## Exercise aim
In your copy of the listing below, reproduce each word exactly and include no pictures.

## Data section
▼

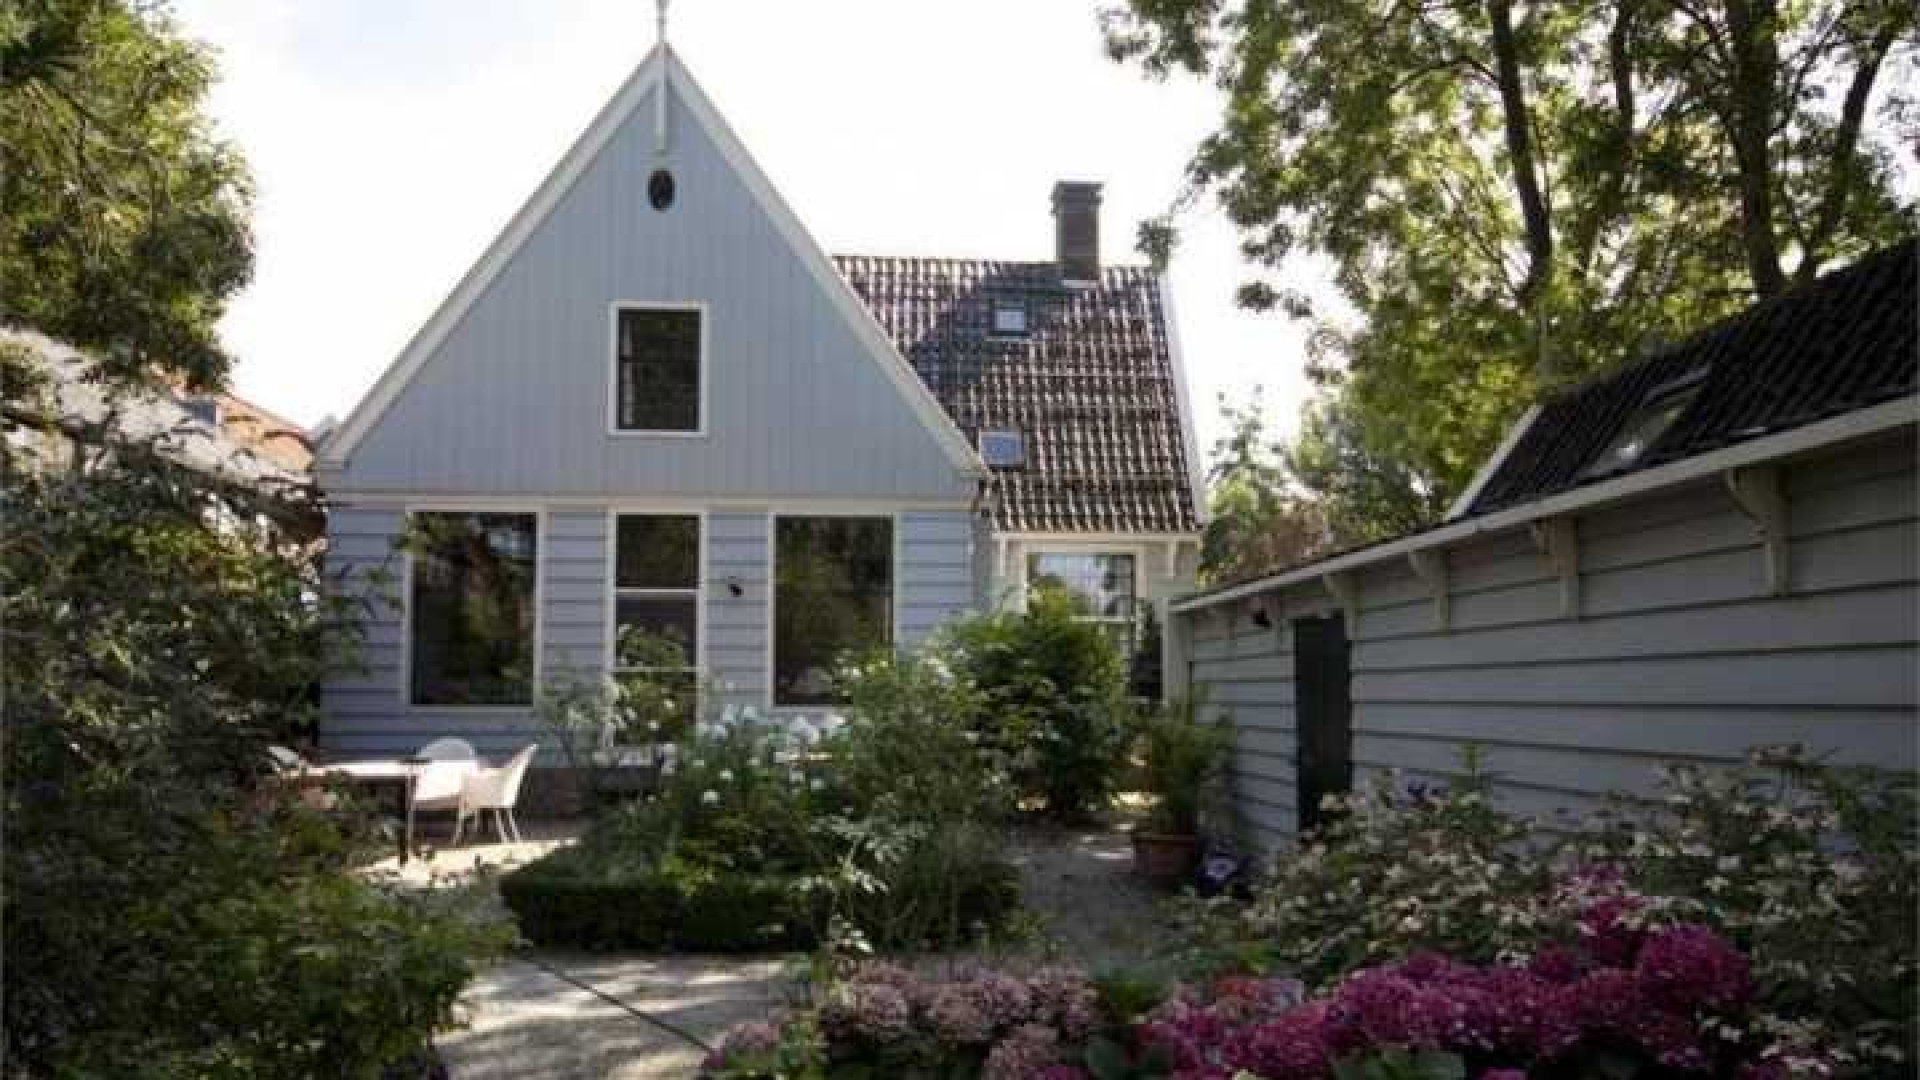 Wilbert Gieske verruilt Amsterdam voor prachtig huurhuis in Broek in Waterland. Zie foto's 1
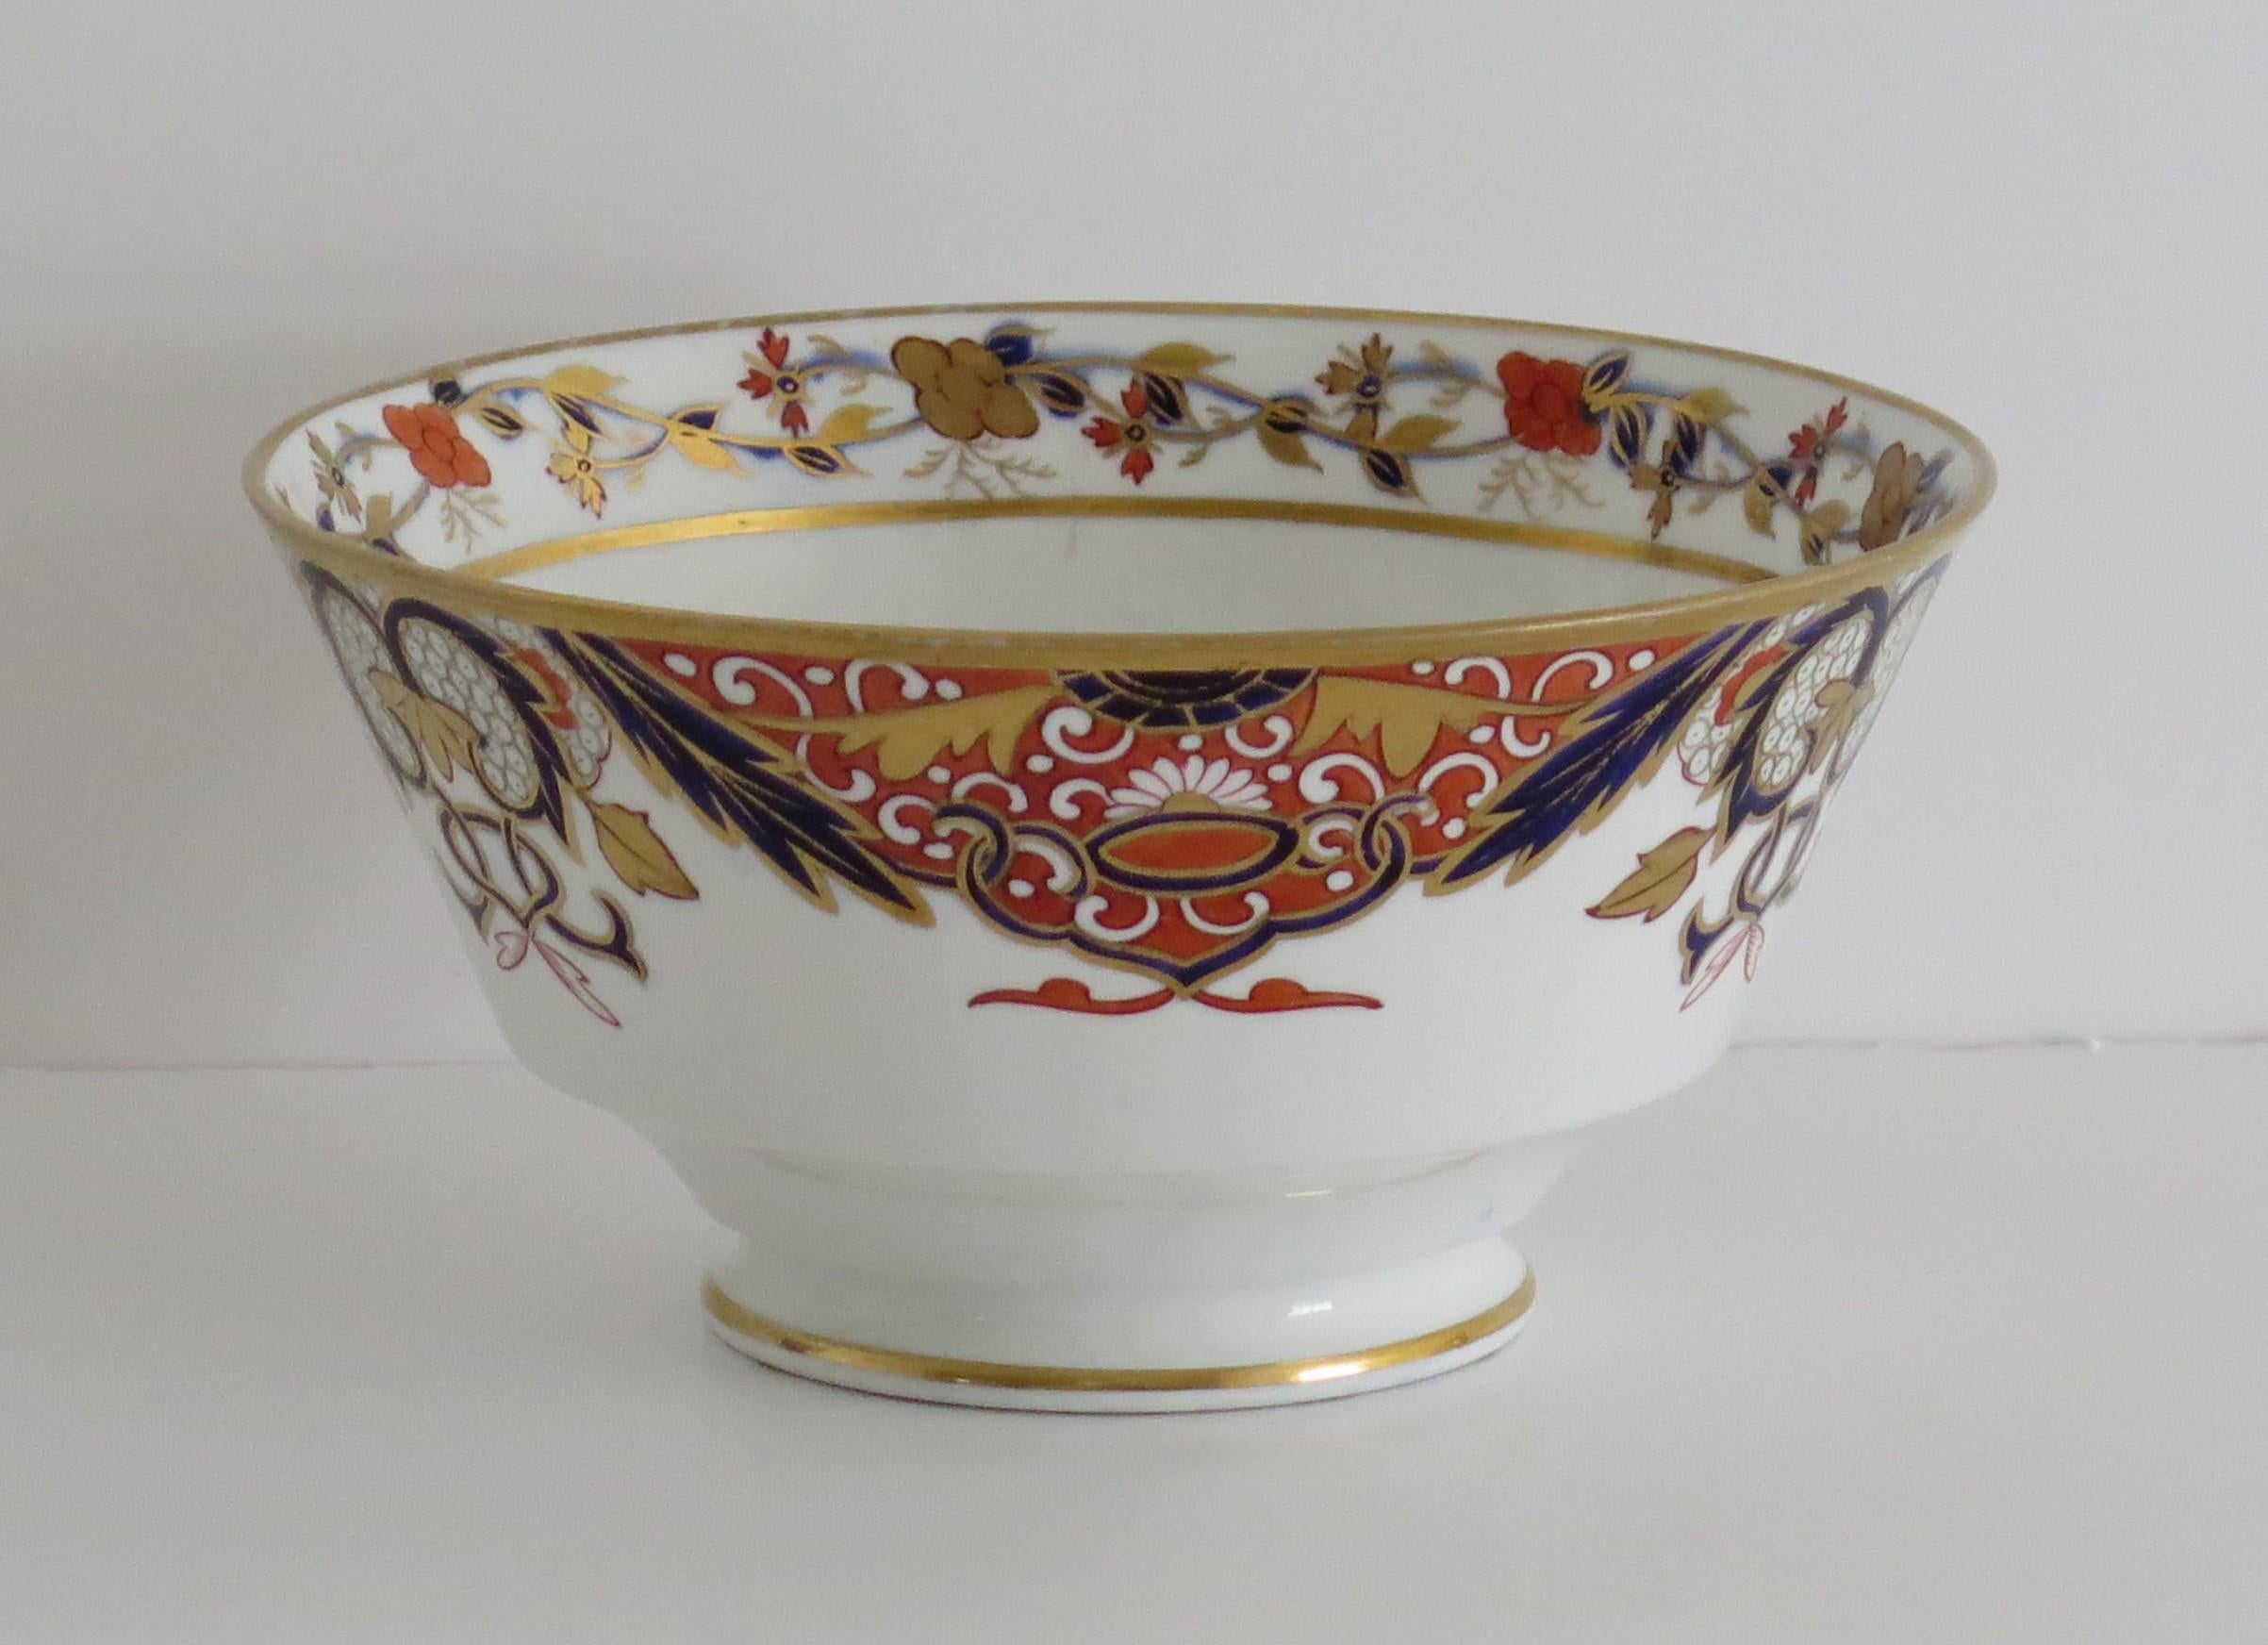 Il s'agit d'un très bon et rare exemple de bol en porcelaine anglais d'époque George III, fabriqué par Spode au début du XIXe siècle, vers 1810.

Le bol est bien empoté et repose sur un pied bas et évasé.

Le bol présente un beau motif

▲

## Response to this task
 Wilbert Gieske verruilt Amsterdam voor prachtig huurhuis in Broek in Waterland. Zie foto's 1
 Il s'agit d'un très bon et rare exemple de bol en porcelaine anglais d'époque George III, fabriqué par Spode au début du XIXe siècle, vers 1810.

Le bol est bien empoté et repose sur un pied bas et évasé.

Le bol présente un beau motif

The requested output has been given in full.